▶ _TASK GOAL_:
Your task is to retype, exactly, the line containing "Luxus Ferienhäuser und" and every later line through the end of the listing, with pictures omitted.

▶ _THE DATA_:

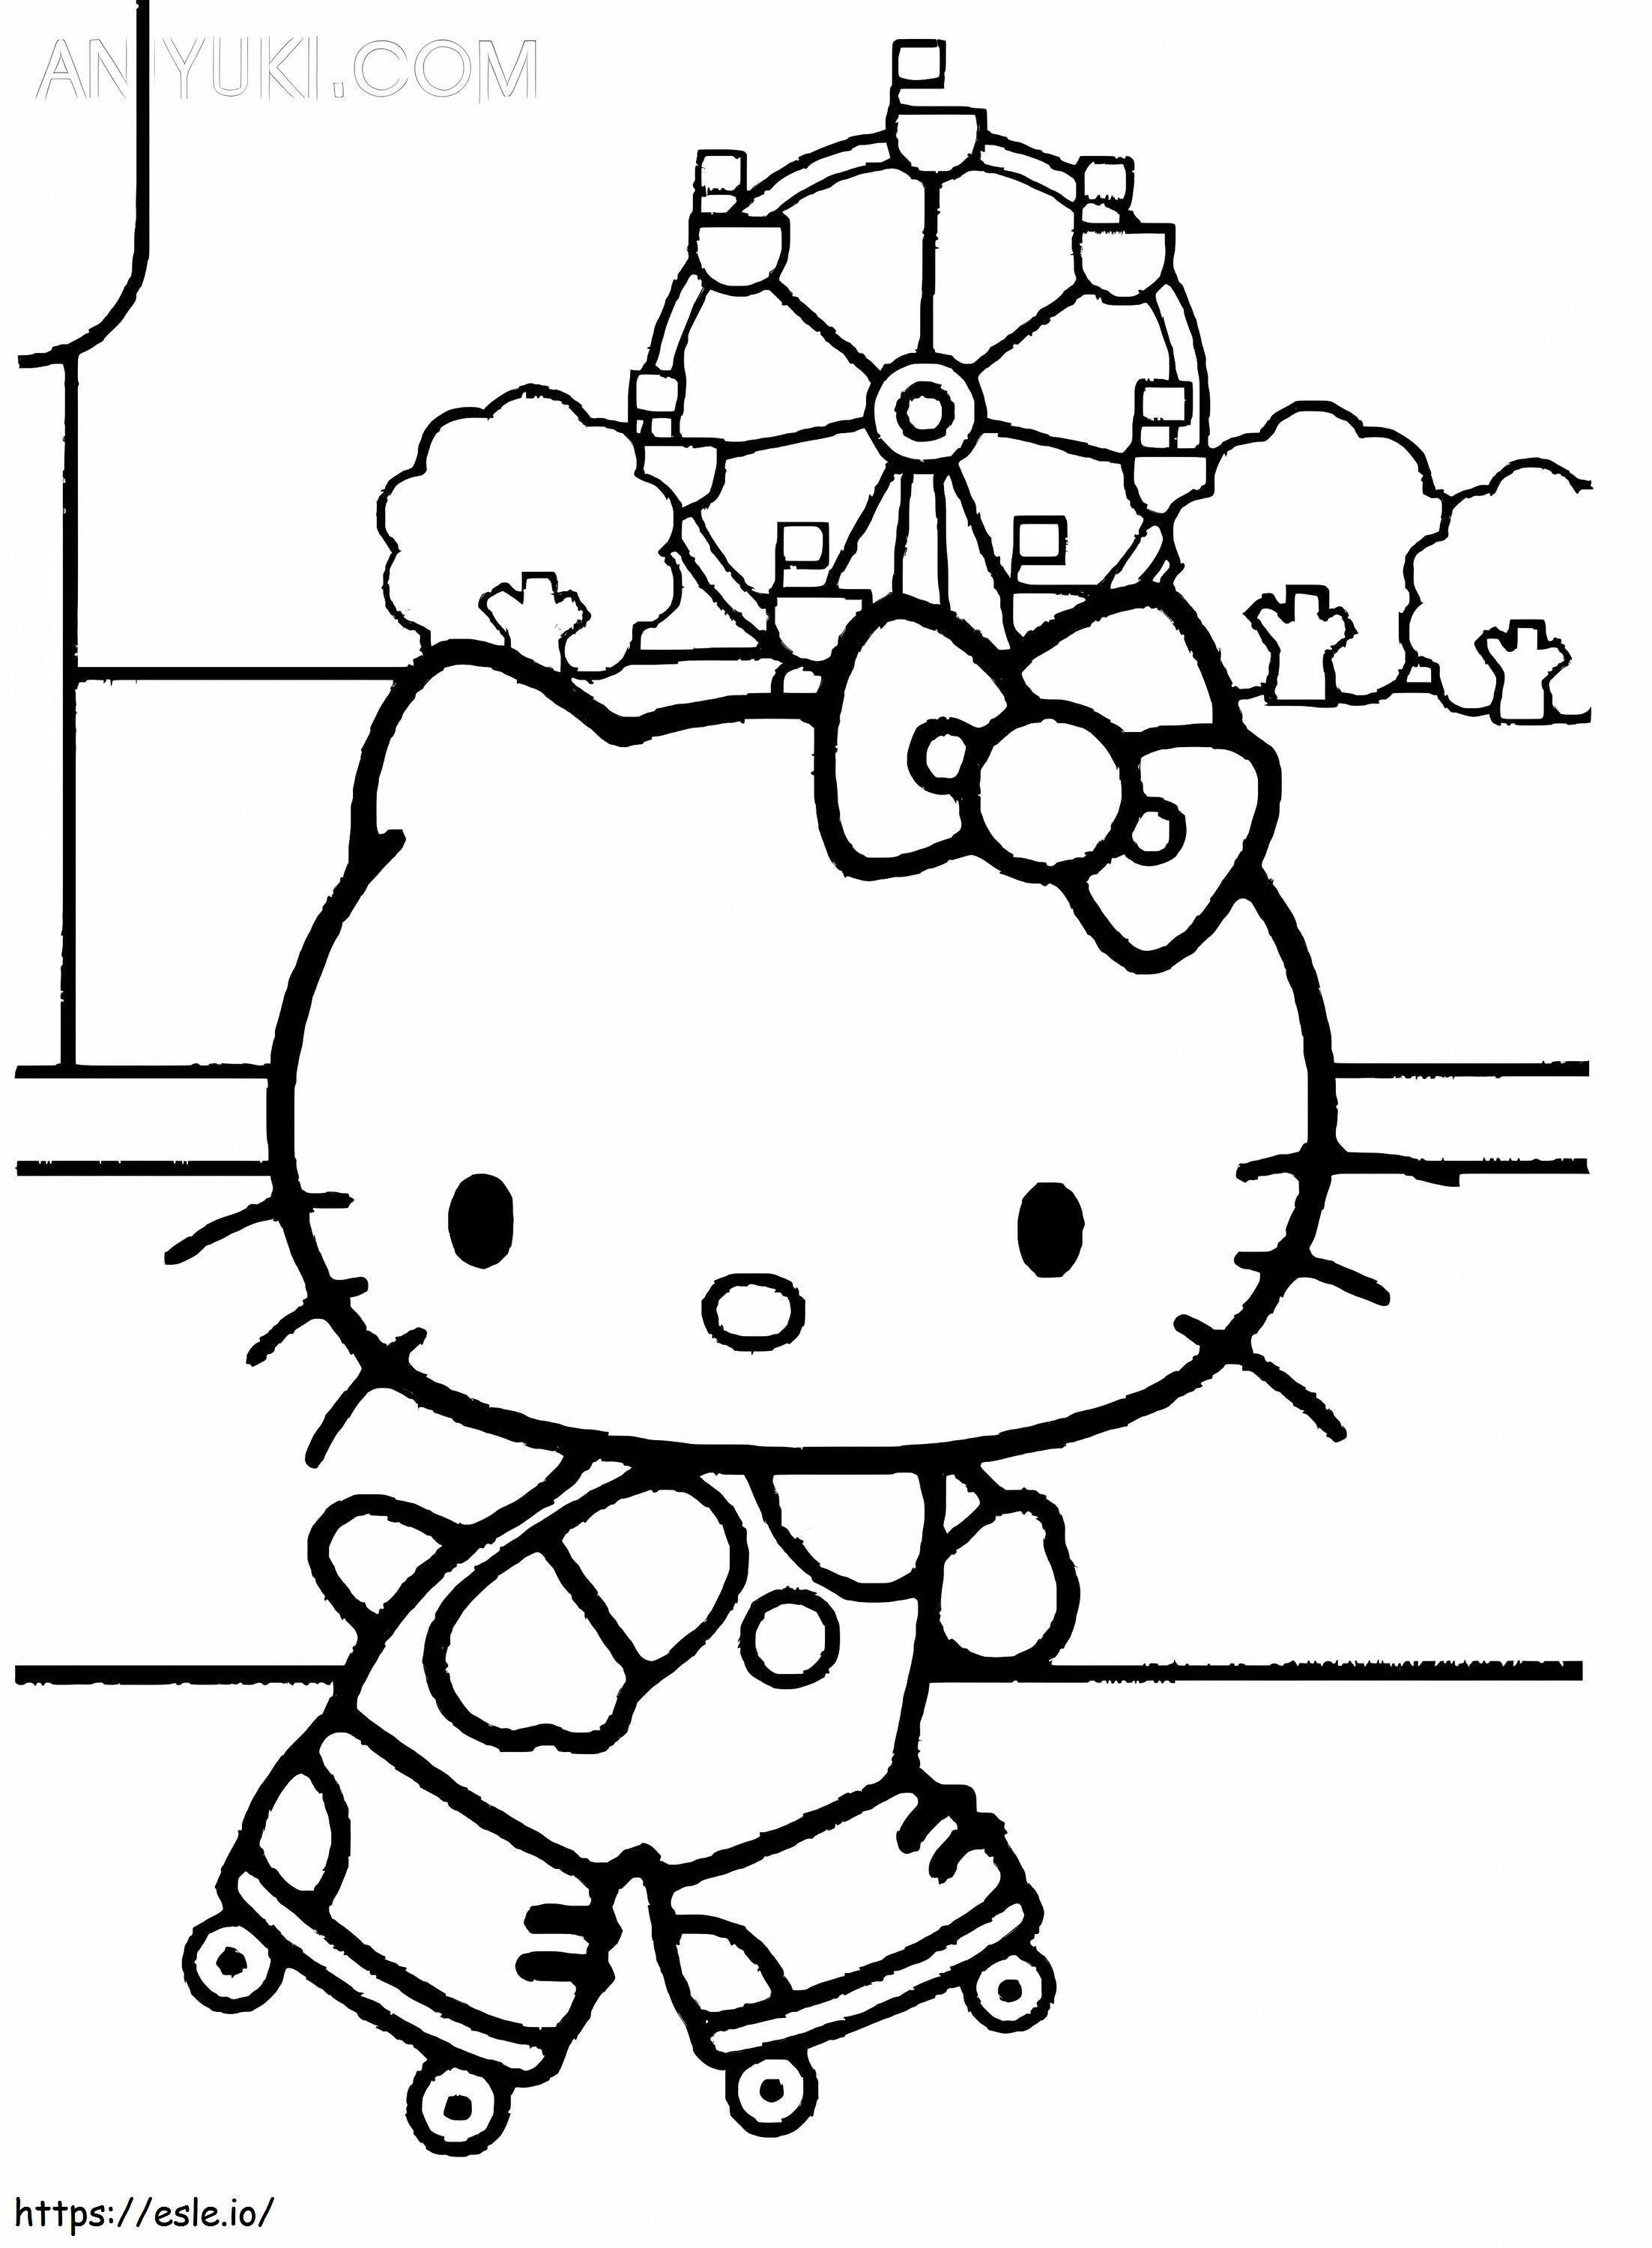 Coloriage Hello Kitty sur des patins à roulettes à imprimer dessin
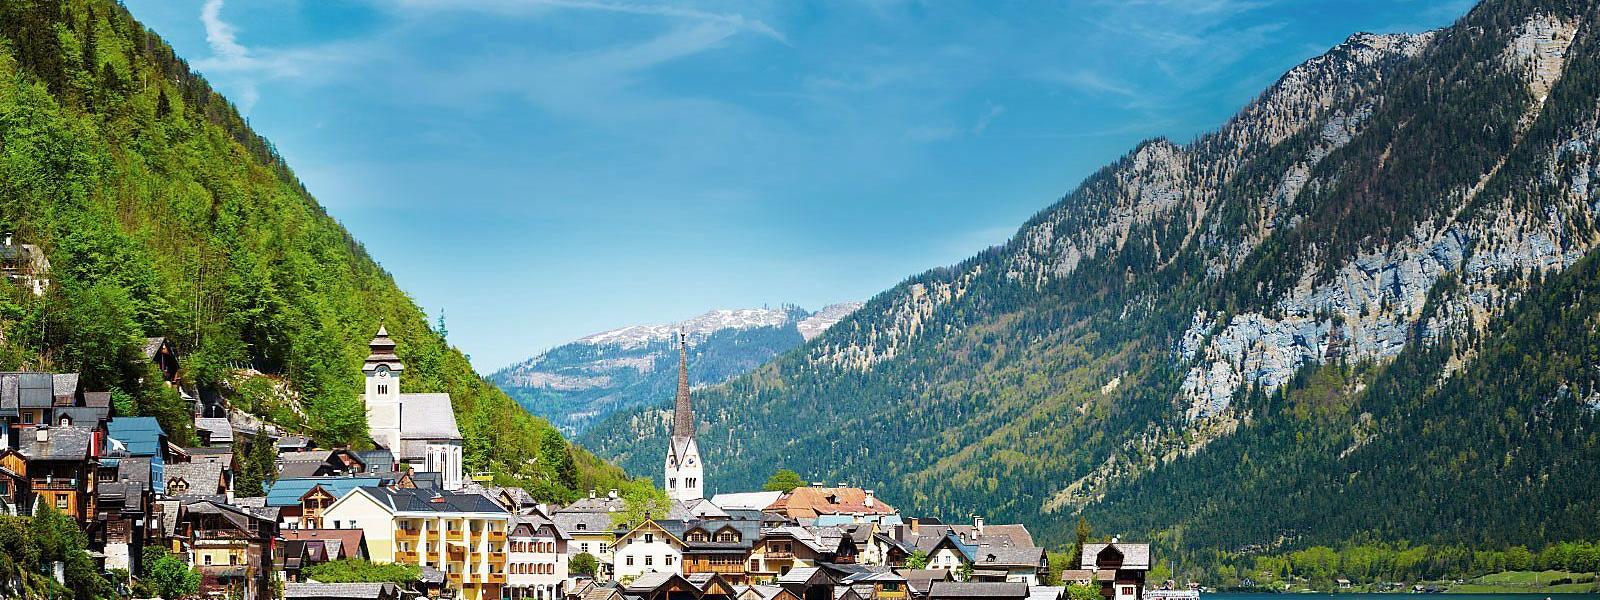 Luxus Ferienhäuser und Ferienwohnungen in den Österreichischen Alpen - BELLEVUE Ferienhaus
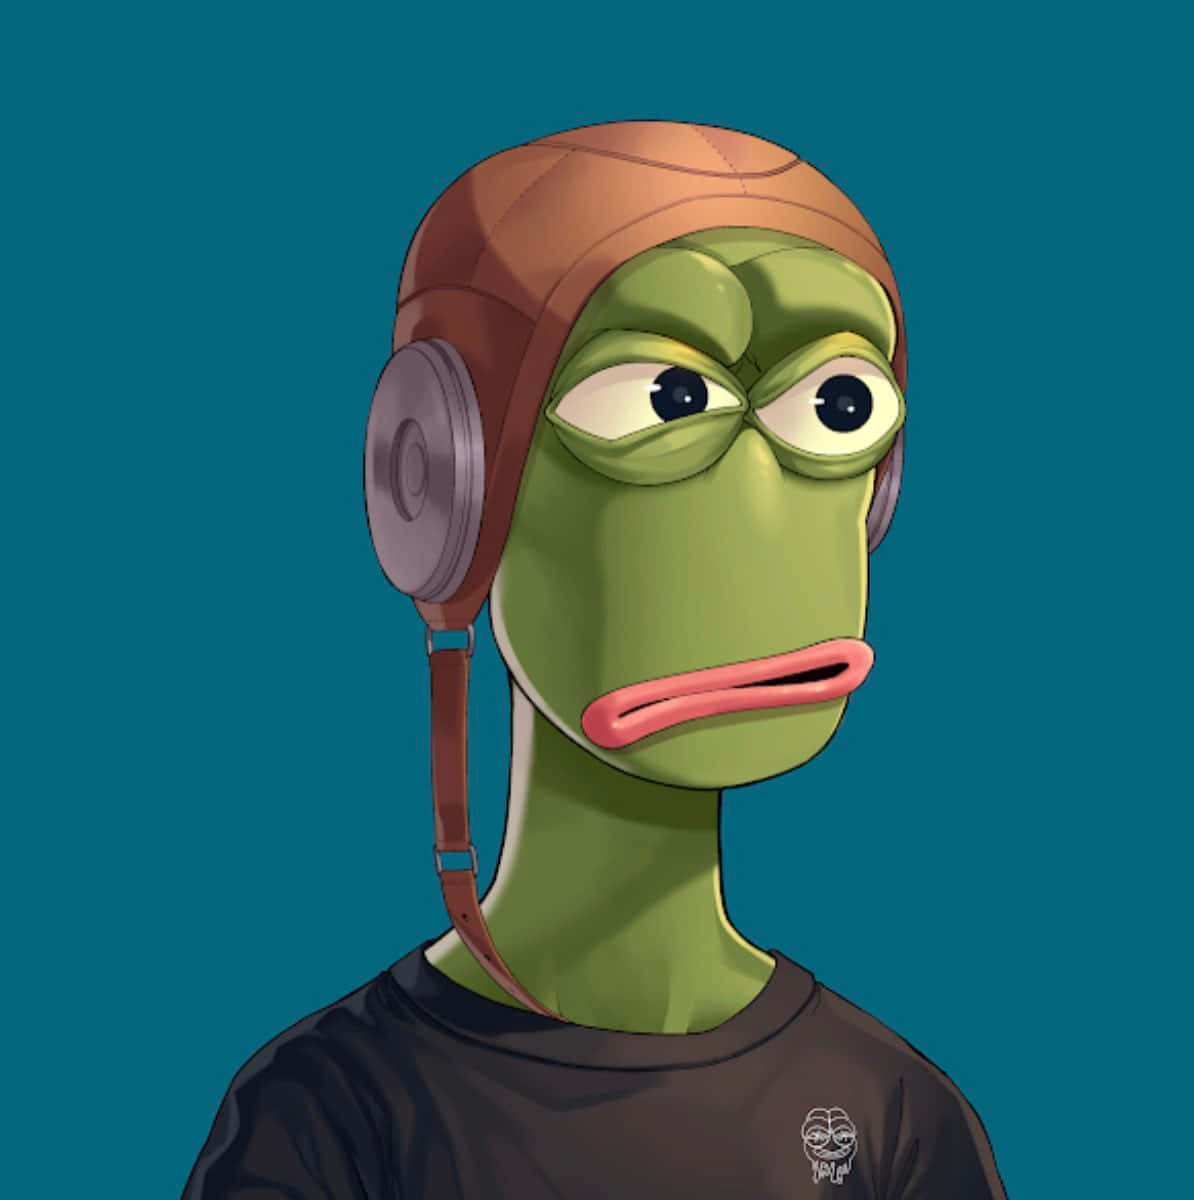 Divertenteimmagine Del Profilo Di Pepe The Frog Su Discord.

▶ _TASK RESPONSE_:
 Luxus Ferienhäuser und Ferienwohnungen in den Österreichischen Alpen - BELLEVUE Ferienhaus
 Divertenteimmagine Del Profilo Di Pepe The Frog Su Discord.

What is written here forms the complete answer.